A nationalised bank has found that has dialy balance available in its savings accounts follows a normal distribution with a mean of rs. 500 and standard deviation of rs. 50 The percentage of saving account holders, who maintain an average dialy balance more thamln rs. 500 is......
Here. P(X>500)=? According to origin transformation. P(X>(500-500)/50) Where E(x)=500 and S.D =50
P(X>0)=
1- P(-1
=1-0.3453=65.47% But i got an incorrect answer Correct answer is 49.6 %
If we assume perfect normality, then we want $$\Pr(Z\gt (500-500)/50),$$ that is, $\Pr(Z\gt 0)$, where $Z$ is standard normal. This is exactly $0.5$, since $\Pr(Z=0)=0$. The problem said account amounts are normally distributed, so $0.5$ is the technically correct answer to the problem as stated.

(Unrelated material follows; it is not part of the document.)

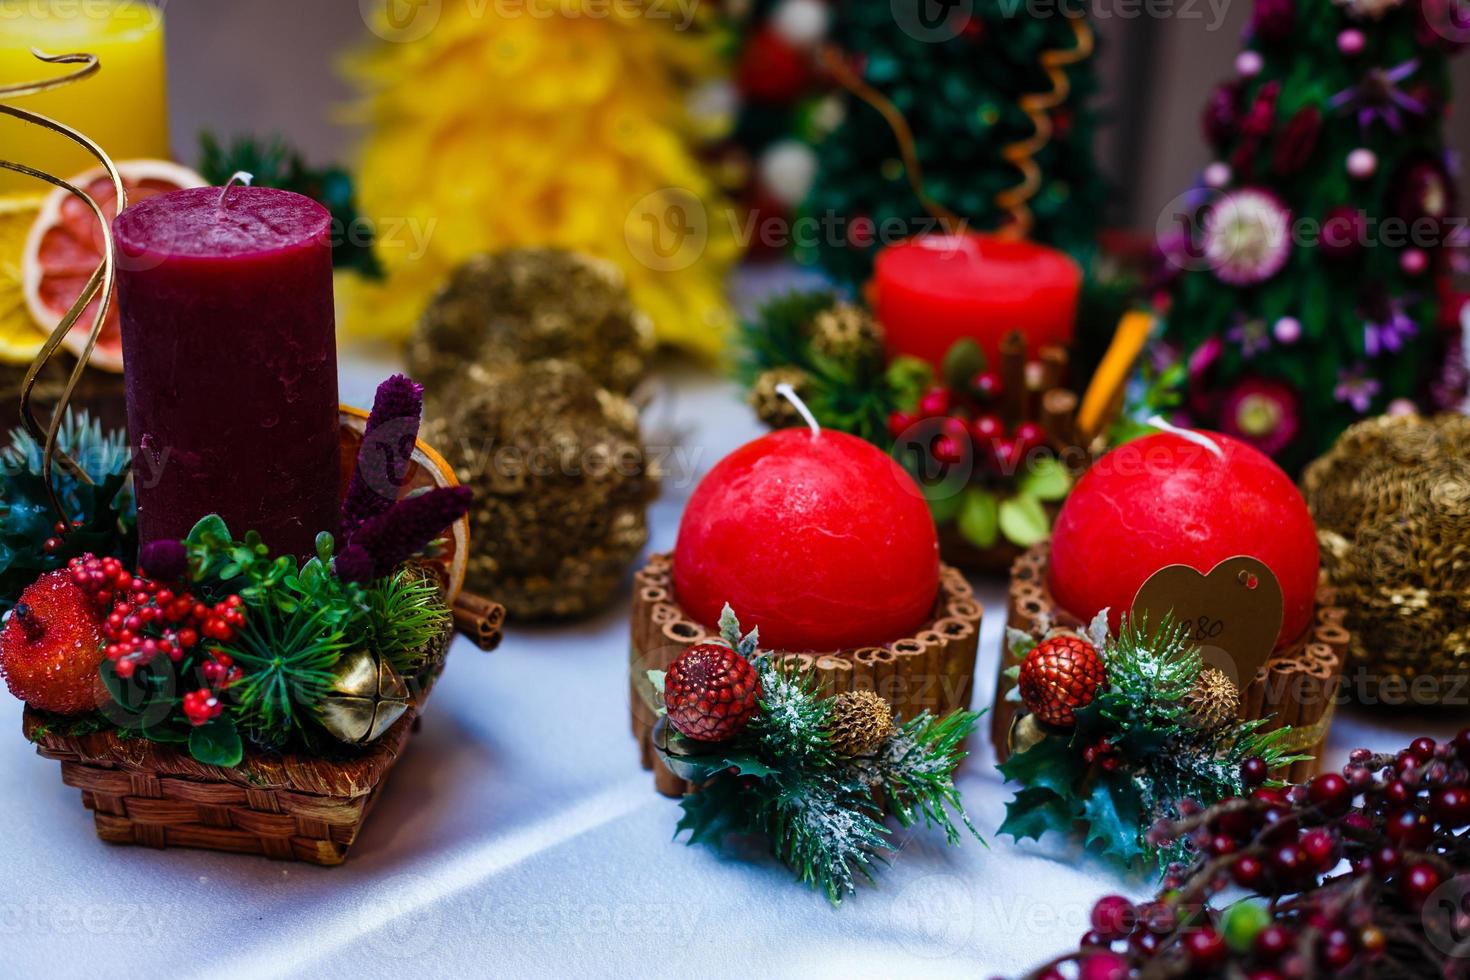 ljus dekorerad med kanel pinnar och röd äpplen, jul dekoration foto

But the proposed answer of $49.6\%$ indicates that they are assuming that bank accounts have an integer number of Rs. Thus they are assuming that the distribution is not really fully normal, and are using a continuity correction. The account has $\gt 500$ Rs., so $\ge 501$. The probability that $X\ge 501$ is, roughly, $1$ minus the probability that the approximating normal is $\le 500.5$. So for our approximation we use $$1-\Pr(Z\le (500.5-500)/50).$$ We have $(500.5-500)/50=0.01$, and now the standard normal table yields $1-0.5040$.